Kaz Minerals shares have lost more than half their value since June's peak, leading broker Liberum to upgrade its rating on the shares to 'hold' from 'sell' and Redburn to reiterate its view that the shares are a "value opportunity".

Investors have overwhelmingly turned their noses up at Kaz's $900m acquisition of the Baimskaya copper project in Russia, which will require an elevated level of capital expenditure before production can begin in 2026.

This new endeavour has "clearly come at a time when the market does not see the value in large scale greenfield projects in Russia", Liberum analyst Ben Davis said, but noted that management are undeterred and strongly believe in the value of the project and their ability to deliver on it.

"On our assumptions, the impact to NPV is fairly minimal, but we can understand why the market is repricing the company risk given that the investment proposition has changed so materially. Current investors do not want to be on this new journey, but others will eventually, assuming that the company take the appropriate steps to derisk."

Davis and his colleagues said a large equity stake at the project level and a phasing of the project could help significantly, but a feasibility study is not due to complete until the second half of 2019. With the share price now at Liberum's 460p price target, the Liberum analysts upgraded their rating and "see upside risk on a reverse on the overly negative sentiment in copper" in the short-term.

Analyst Simon Toyne at Redburn highlighted a "rare" value opportunity in the shares.

In market cap terms, KAZ has shed $2.1bn, which equates to the $0.9bn purchase price of Baimskaya, plus $1.2bn negative NPV on a project that Toyne sees a "high quality in terms of cost, capital intensity and life". The decline in the shares, he suggested, translated to an investor assumption that capex spend on Baimskaya will overrun by 20%, that 50% of the project will be expropriated by the Russian government post construction, and that copper prices would run at 270 cents per lb in the long term.

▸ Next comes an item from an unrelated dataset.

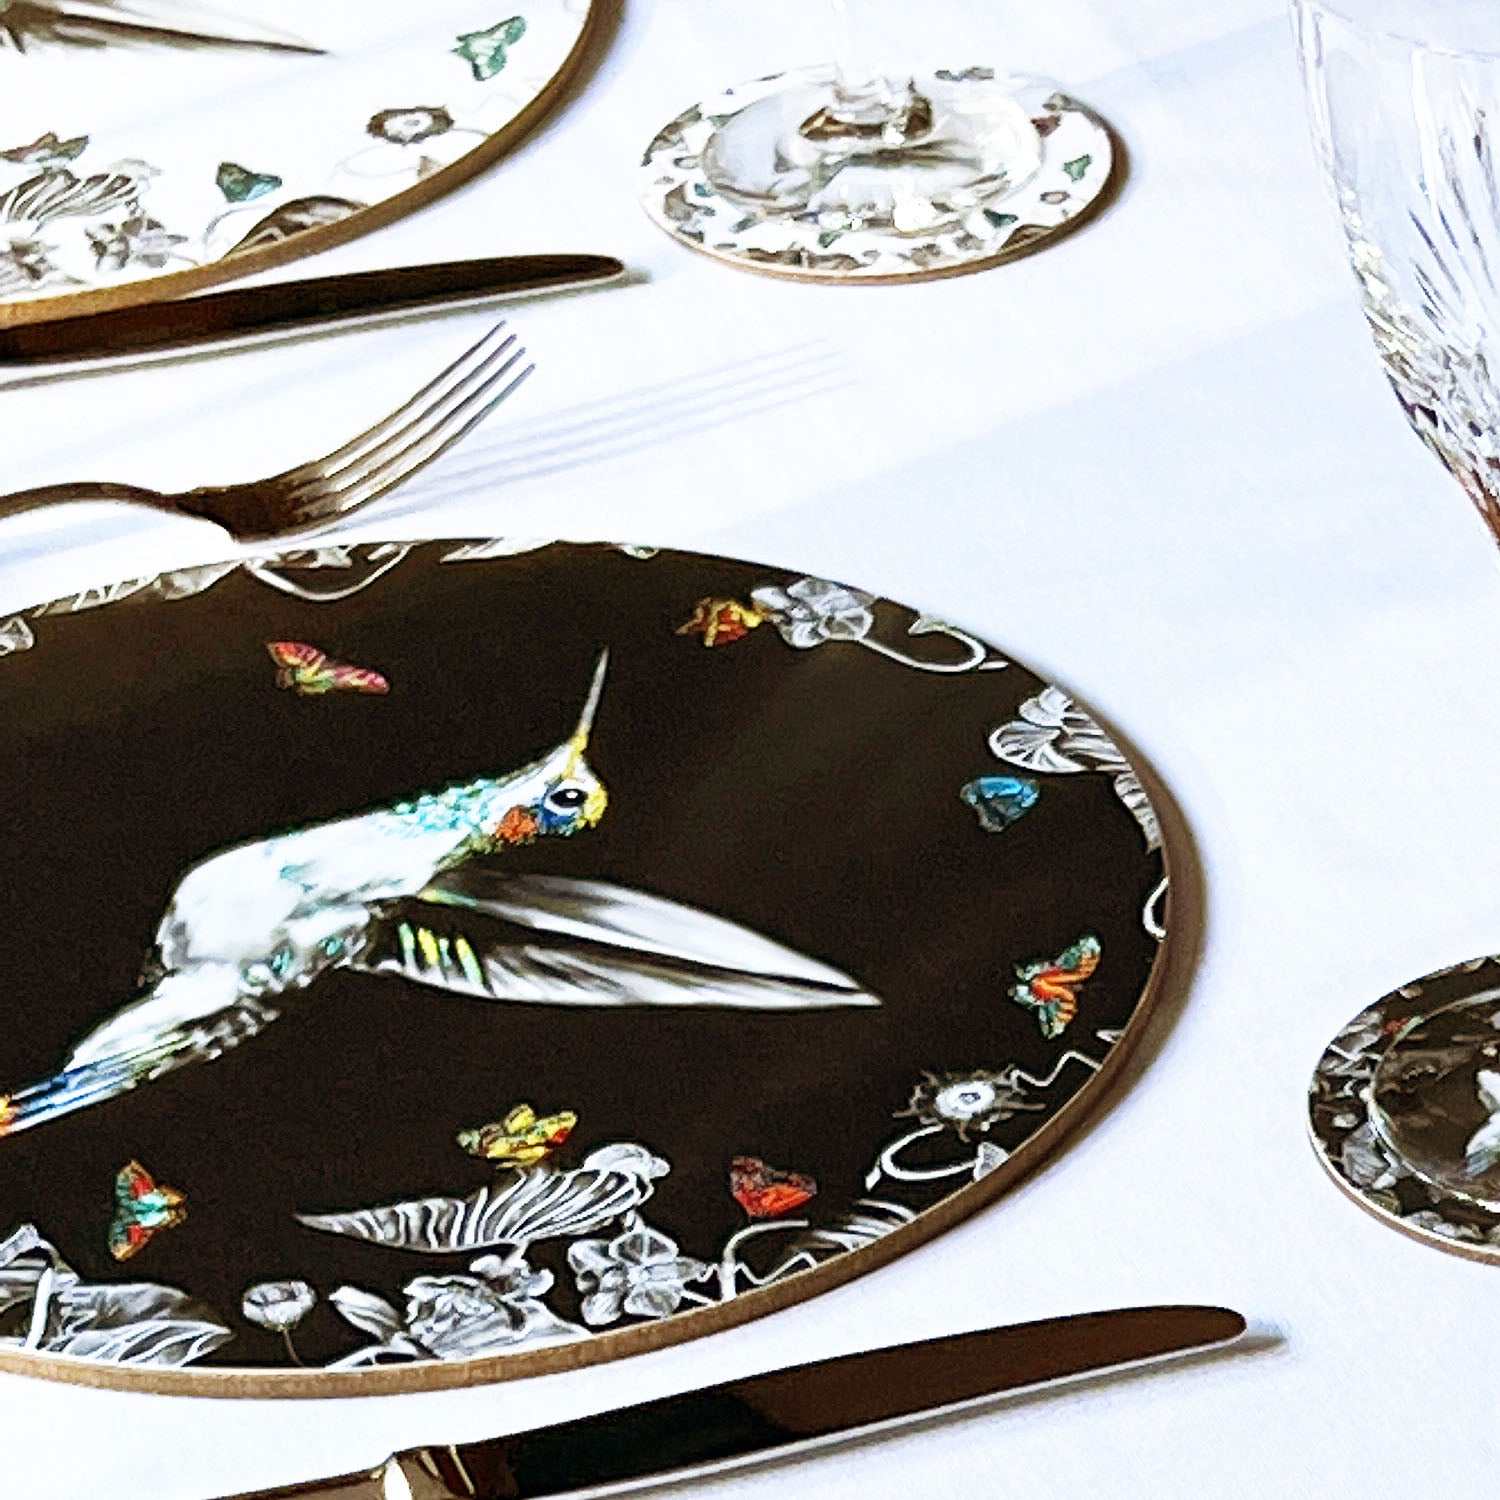 Black hummingbird placemat in table setting

"Our opinion is that, while we entirely understand investor angst qualitatively, and the fact there are clearly more sellers than buyers currently as potential new ‘value’ investors take time to study the situation and existing investors who are now opposed to this type of proposition exit, it is ultimately very pessimistic to believe this set of assumptions is a sensible central case.

"Value opportunities on this scale are rare in the mining sector, as are the subset of investors willing, ideologically, to engage in such a situation, but for those who are – buy."